Les rébellions à Ayacucho, Puno et Cusco sont la réponse des classes opprimées et des nations historiquement assujetties. Elles ne protestent pas seulement contre un gouvernement, mais contre un État qui les a niées pendant 200 ans. Le slogan « Dina Asesina » (Dina la meurtrière) résume l’expérience d’un pouvoir de classe qui répond par des balles à leurs revendications. Il s’agit d’une lutte anticoloniale et de classe fusionnées, où l’élément communautaire et la défense du territoire contre l’exploitation minière sont centraux. Consolidant cet accord et afin de protéger leurs intérêts, les fractions bourgeoises et mafieuses destituent Boluarte et imposent une nouvelle marionnette disposée à maintenir la volonté des élites.
Deux voies vers la crise
L’Équateur et le Pérou montrent deux voies vers une même crise structurelle.
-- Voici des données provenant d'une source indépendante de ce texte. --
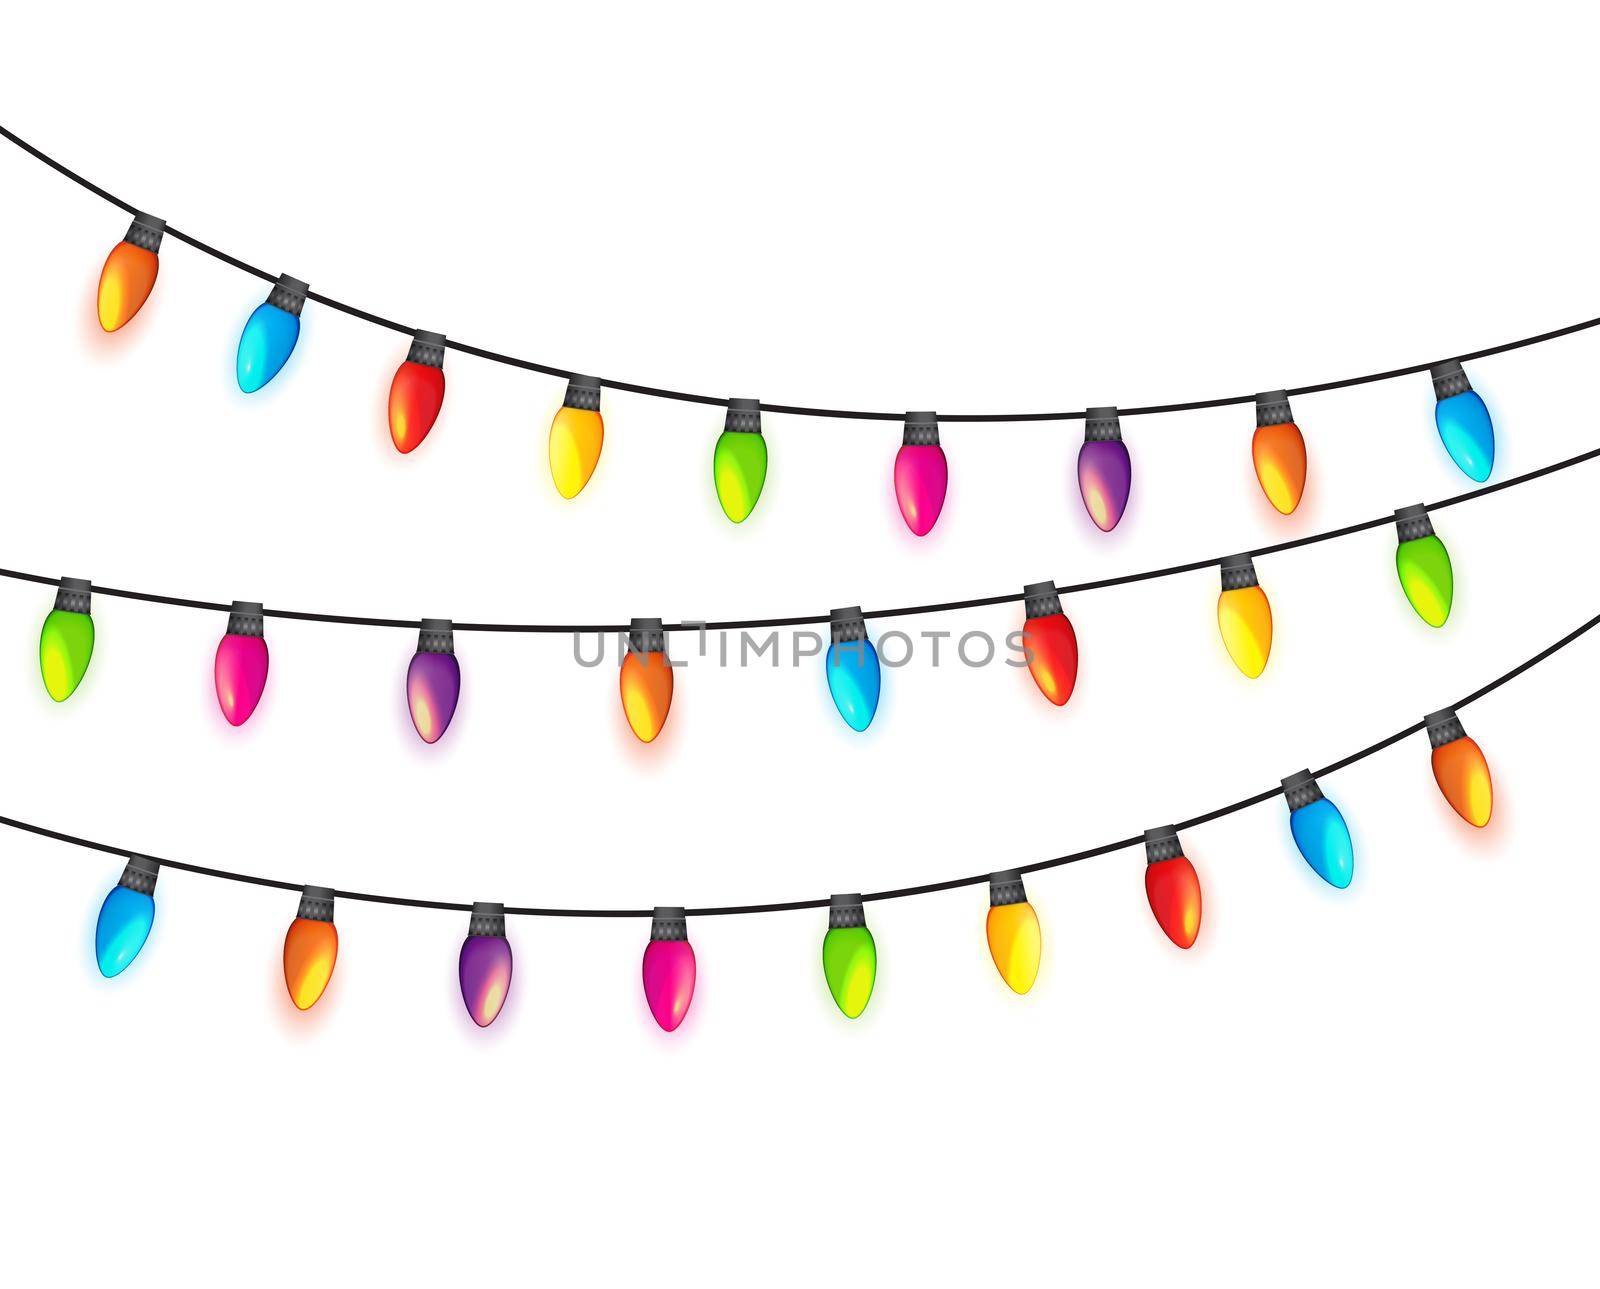 Multicolored Garland Lamp Bulbs Festive Isolated by yganko

Le trafic de drogue diversifie ses voies pour nourrir le capitalisme, avec l’injection de capitaux illégaux, et l’empire réorganise sa force militaire pour avancer sur Notre Amérique, avec ses doctrines suprémacistes et la thérapie de choc imposée par Trump. En Équateur, un mouvement populaire fort mais incapable d’assumer le pouvoir dont il dispose voit l’État se fracturer sous la pression du capital criminel et de la résistance sociale. Au Pérou, une guerre interbourgeoise pour le butin de l’État ouvre la voie à de profondes révoltes territoriales qui remettent en question toute la légalité imposée. Ces deux cas montrent que la lutte des classes n’a pas disparu. Le peuple indigène réagit avec force contre l’État extractiviste, les jeunes marginaux recrutés par le trafic de drogue contre un système qui ne leur offre aucun avenir, et la bourgeoisie fragmentée dans une lutte cannibale pour la plus-value. La tempête andine annonce que la prochaine bataille décisive dans la région portera sur la nature même de l’État, sur celui qui détient le monopole de la violence et de la légitimité, et contre l’impérialisme qui contrôle ces gouvernements, par le biais d’une domination économique, politique et idéologique.